RECORDED DATA>
[Start of section]

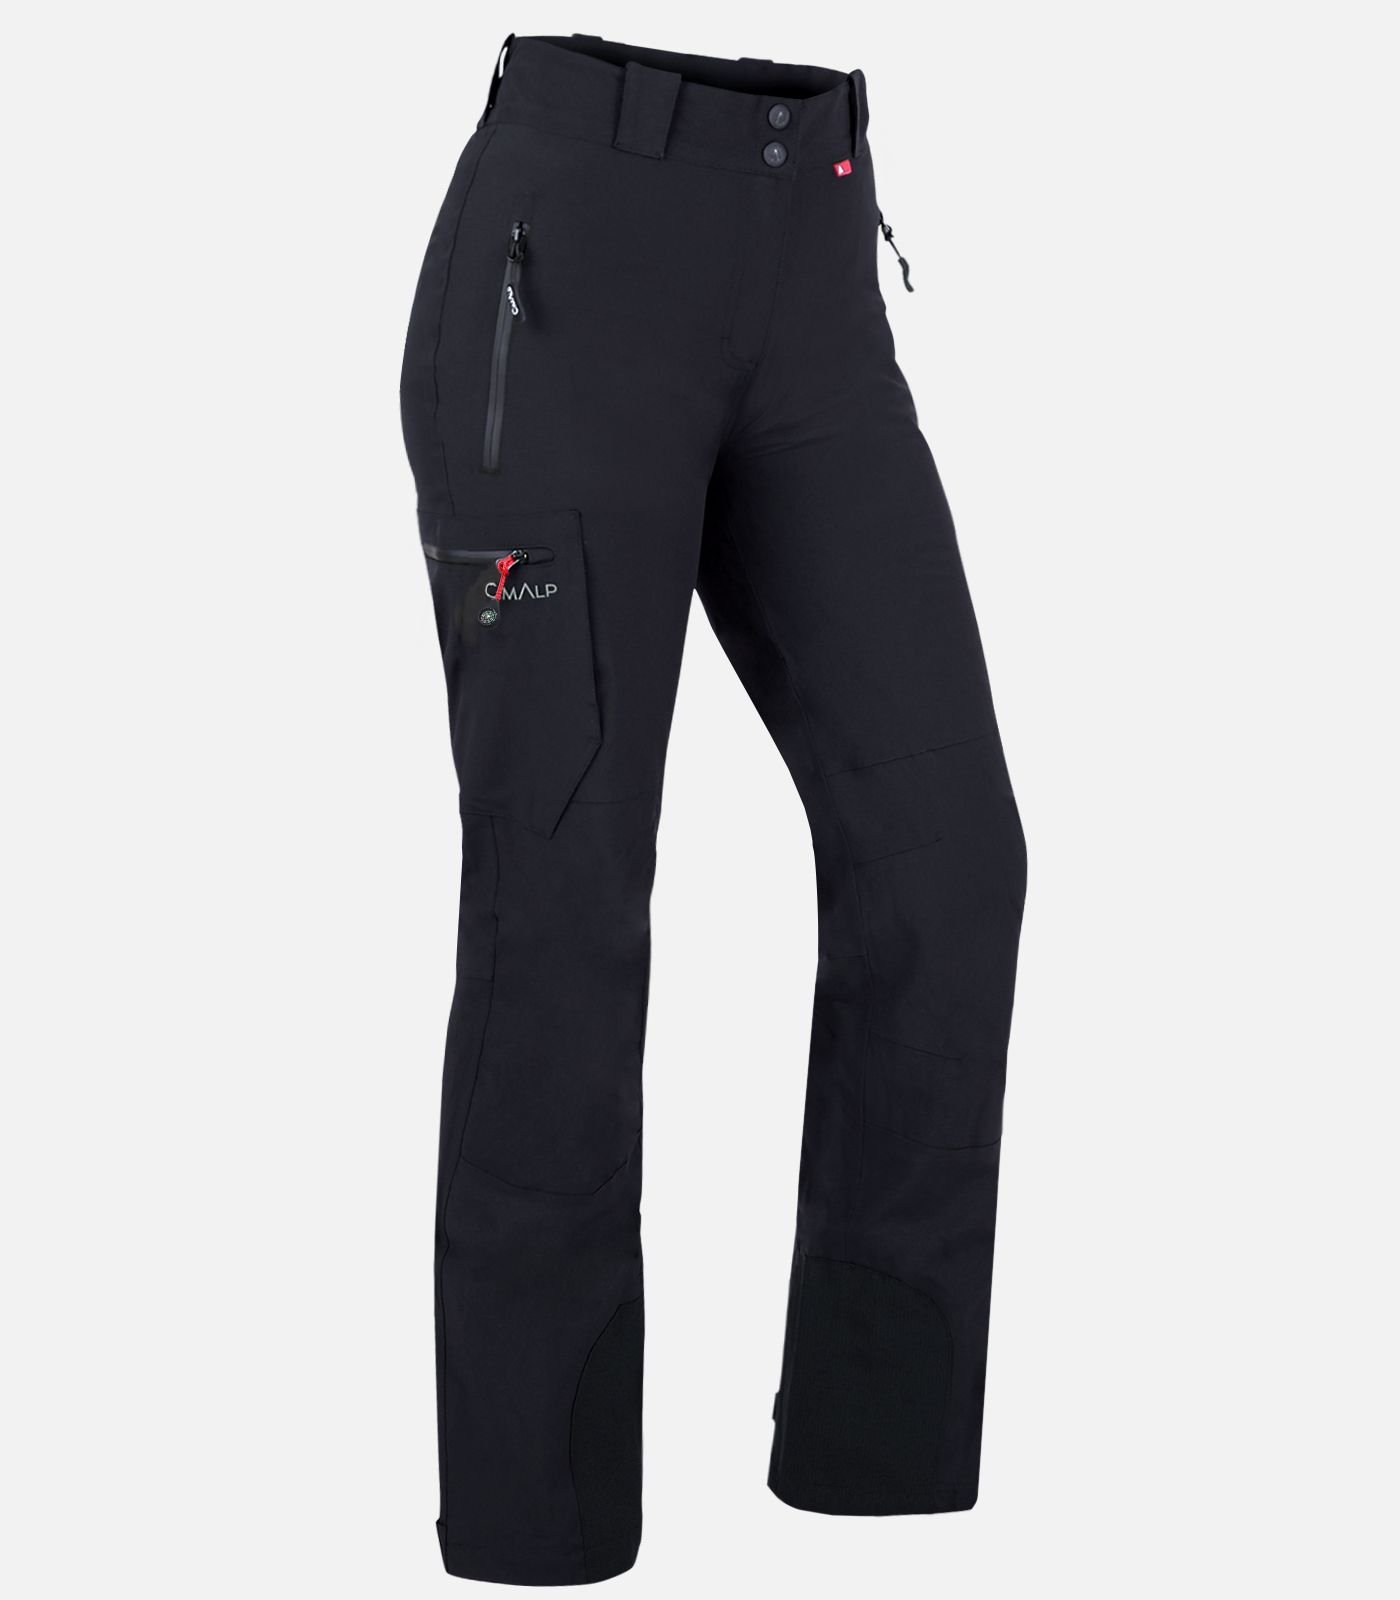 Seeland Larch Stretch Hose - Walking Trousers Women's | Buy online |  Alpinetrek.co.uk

[End of section]
[Start of section]

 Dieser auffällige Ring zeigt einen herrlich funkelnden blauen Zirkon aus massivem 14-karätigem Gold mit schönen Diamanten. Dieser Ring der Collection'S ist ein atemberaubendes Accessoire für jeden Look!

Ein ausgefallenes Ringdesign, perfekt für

[End of section]
[Start of section]

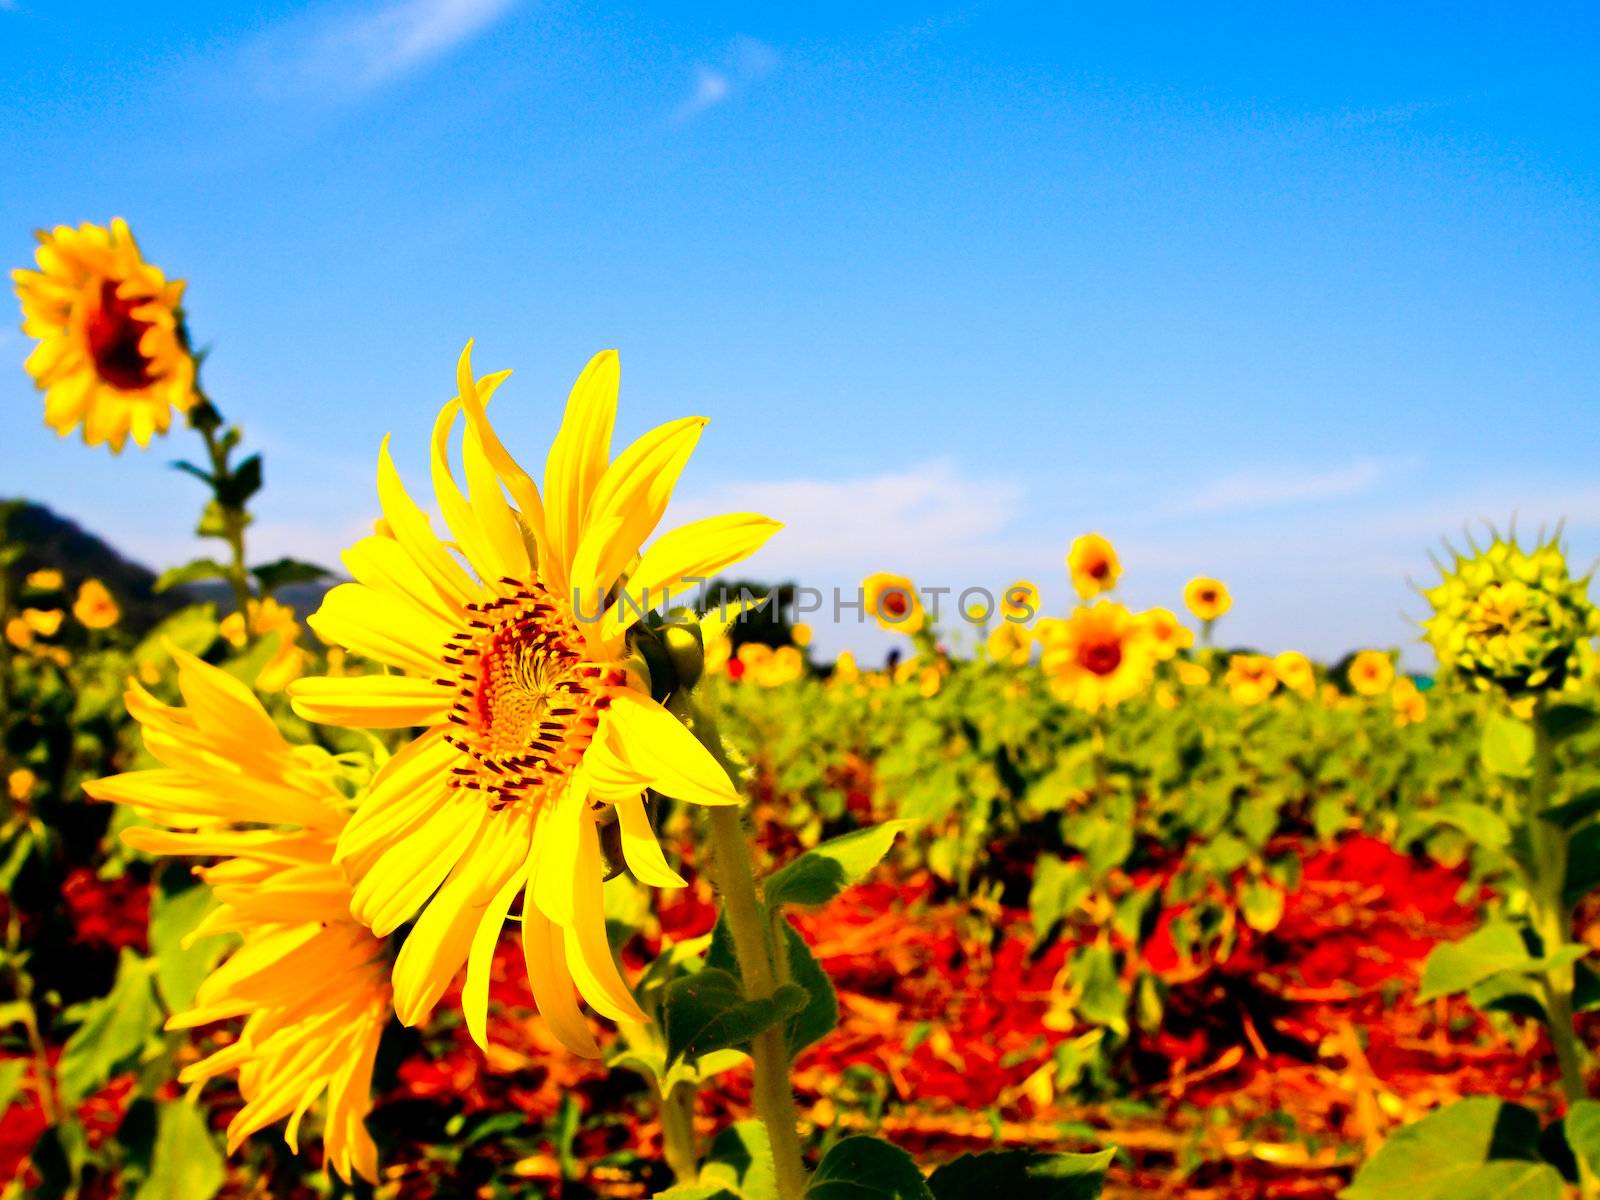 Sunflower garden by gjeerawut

[End of section]

WORK ORDER> Restate word for word the entries above, starting at the line with "Dieser auffällige Ring" and ending at the line with "Ein ausgefallenes Ringdesign, perfekt für", inclusive, and no others.

RESULT OF THIS EXERCISE>
 Dieser auffällige Ring zeigt einen herrlich funkelnden blauen Zirkon aus massivem 14-karätigem Gold mit schönen Diamanten. Dieser Ring der Collection'S ist ein atemberaubendes Accessoire für jeden Look!

Ein ausgefallenes Ringdesign, perfekt für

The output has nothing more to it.